3. The First Combinator: Sequence

Sequence: Run one parser, then another on the remaining input.

Parser sequence(Parser p1, Parser p2) {
    return lambda(input) {
        ParseResult r1 = p1(input);
        if (!r1.success) return r1;

        ParseResult r2 = p2(r1.remaining);
        if (!r2.success) return r2;

        return (ParseResult){
            .success = true,
            .result = combine(r1.result, r2.result),
            .remaining = r2.remaining
        };
    };
}

Now you can parse “ab” as sequence(char('a'), char('b')).

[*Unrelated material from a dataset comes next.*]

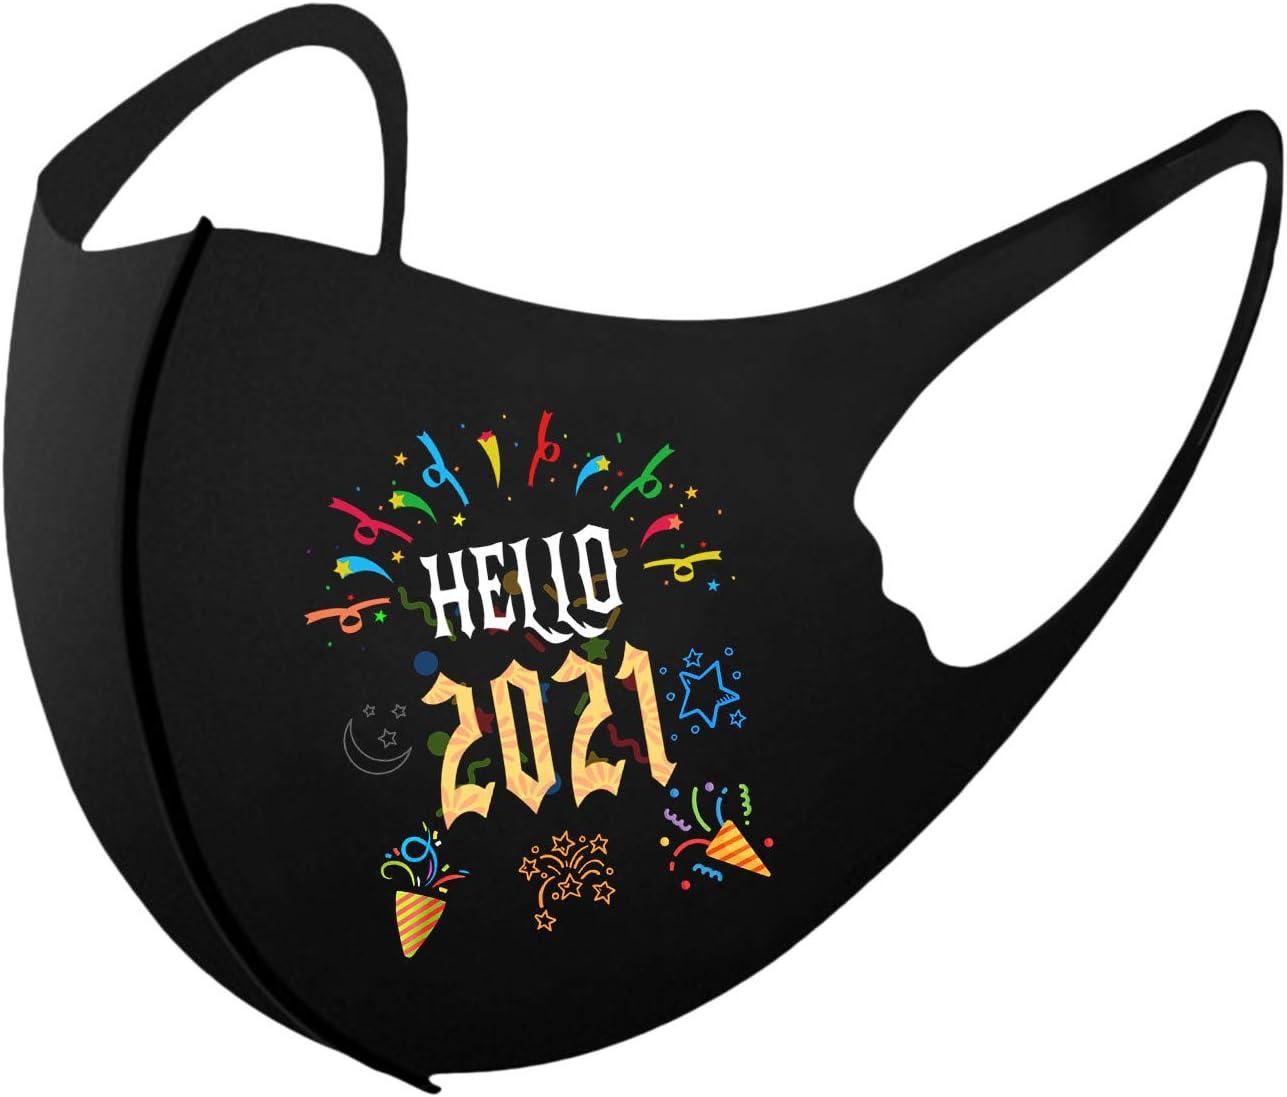 BEUU 1PCS Black Cloth Face Bandana for Kids,2021 Happy New Year Printed Face Balacava,Washable & Reusable,Bandanas for Outdoor Activities

4. The Second Combinator: Choice

Choice: Try one parser; if it fails, try another.

Parser choice(Parser p1, Parser p2) {
    return lambda(input) {
        ParseResult r1 = p1(input);
        if (r1.success) return r1;

        return p2(input);  // Try second parser on original input
    };
}

Now you can parse “a” or “b” as choice(char('a'), char('b')).

5. The Third Combinator: Many

Many: Apply a parser zero or more times.

Parser many(Parser p) {
    return lambda(input) {
        List results = empty_list();
        const char* remaining = input;

        while (true) {
            ParseResult r = p(remaining);
            if (!r.success) break;
            list_append(results, r.result);
            remaining = r.remaining;
        }

        return (ParseResult){
            .success = true,
            .result = results,
            .remaining = remaining
        };
    };
}

Now you can parse “aaaa” as many(char('a')).

6. Map: Transforming Results

Map: Apply a function to a parser’s result.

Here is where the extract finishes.